As will be explained, using a multiple direction scanning approach of this invention, word conversion more closely matches the way a word is actually parsed when spoken by a human being. That is, "rollerblading" would be parsed "roll" "er" "blad" "ing" by this invention, rather than "rol" "ler" "blad" "ing" as in the prior art. Thus, applicants have discovered that pronunciation rules are more likely to produce correct results when the rules are applied/matched on substrings that mimic the way a human splits the given text string (or lacking that, when the match has the largest possible length). Applicants accomplish this with a bidirectional scan which is much less likely to tear off part (i.e., parse in the middle) of a substring that could be used to perform a better match later.
In summary, prior art speech synthesis systems are inefficient due to large memory and processing requirements needed to consider every rule for each subject input text. These systems are also poor at deciphering the correct utterance and pronunciation of complex character strings/words due to their single pass, single direction scanning technique.

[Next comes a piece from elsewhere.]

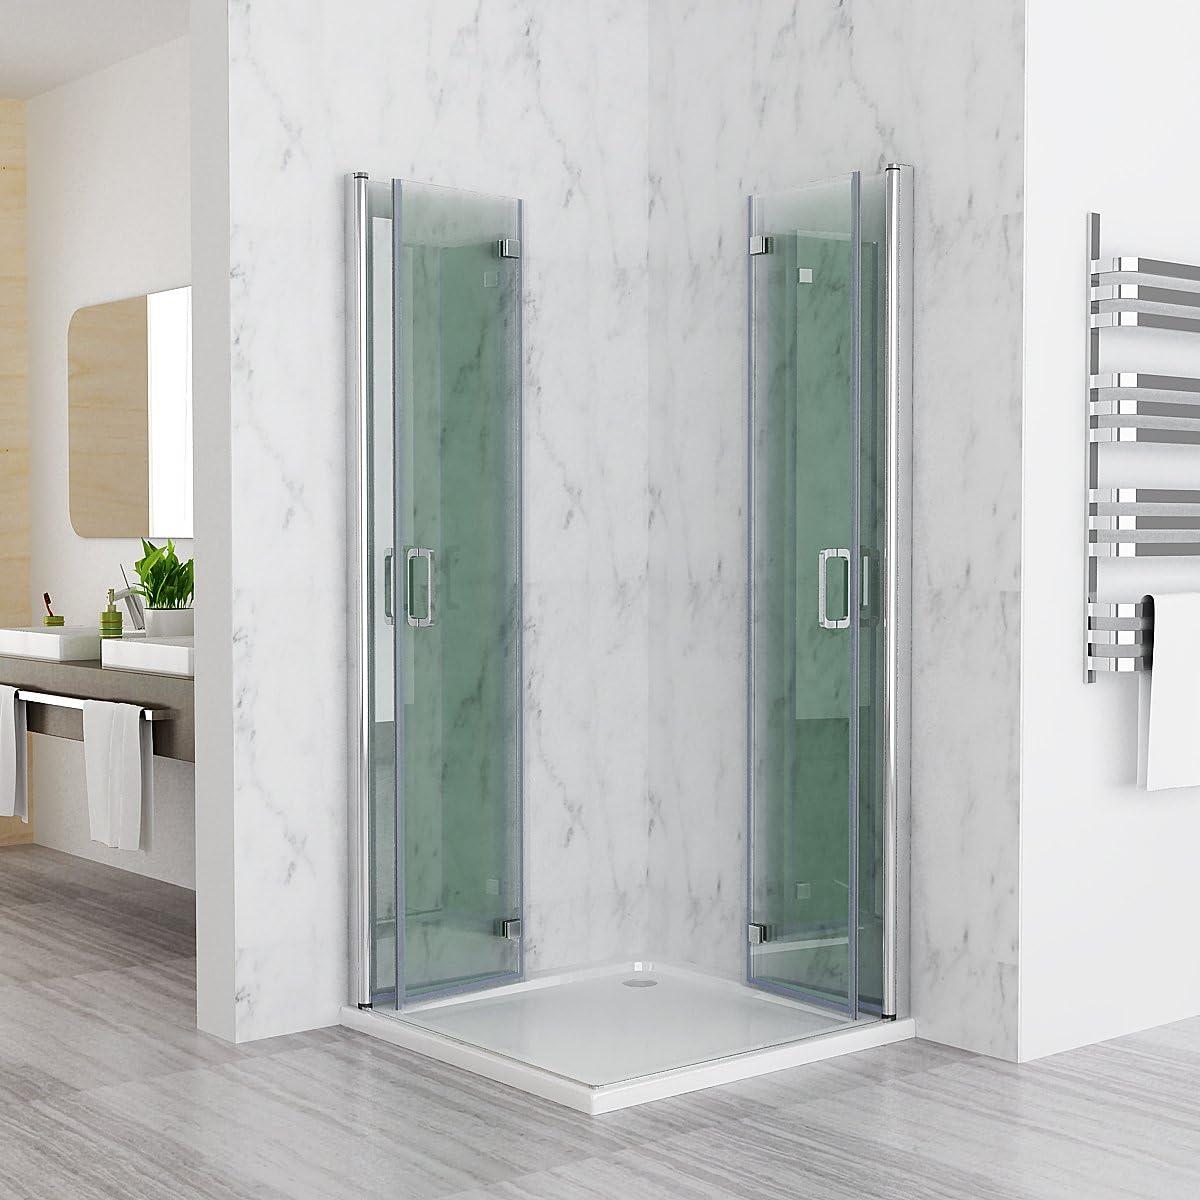 120 x 100 x 197 cm Mampara de ducha esquina. Ducha Puerta plegable ducha pared DAP: Amazon.es: Bricolaje y herramientas
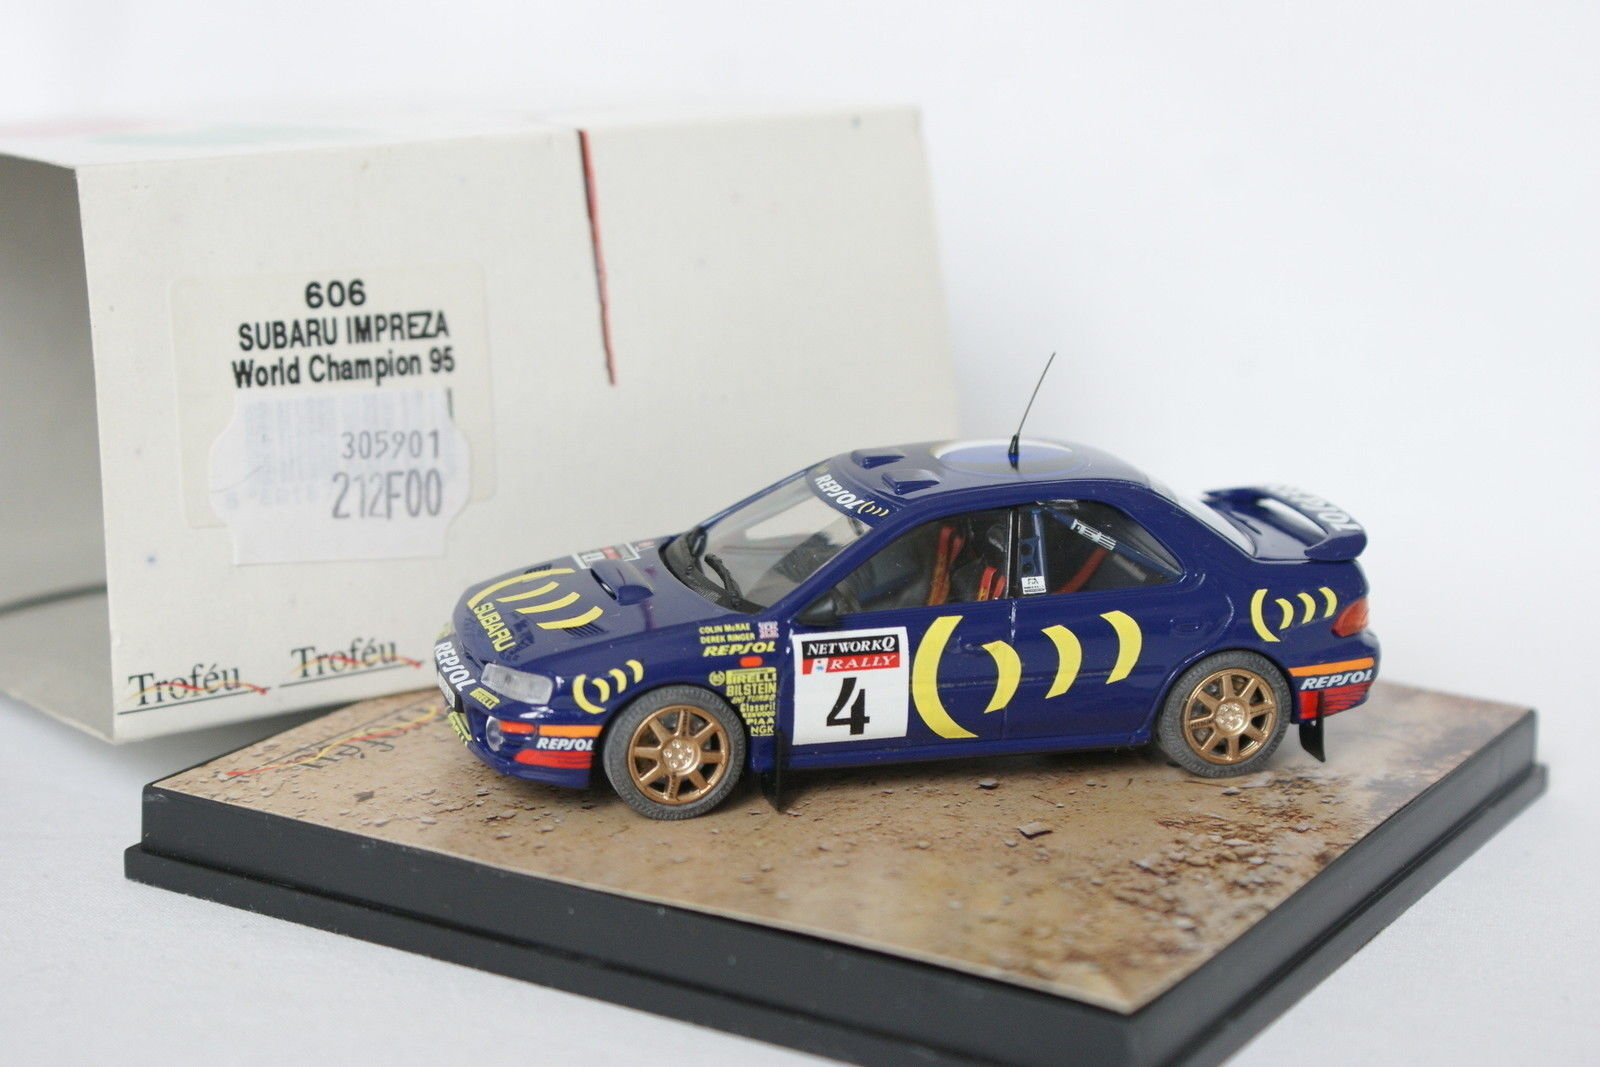 Trofeu 1 43 - Subaru Impreza World Champion 1995

The present invention addresses the foregoing problems. In particular, the present invention provides a method and apparatus for more accurately generating phonemic data from input text. Instead of using a single rule set, the invention uses multiple rule sets, each tailored for addressing/processing a specific portion of a text string (e.g., word). Substrings are selected from various locations in the input text and are compared with the rules in the rule set corresponding to that location of the text. In the preferred embodiment, the multiple rule sets include a prefix rule set for processing beginning portions of input text, a suffix rule set for processing ending portions of input text and an infix rule set for processing intermediate portions of input text. By using multiple rule sets based on the location of text substrings, the present invention more accurately translates input text to its corresponding phoneme string/sequence.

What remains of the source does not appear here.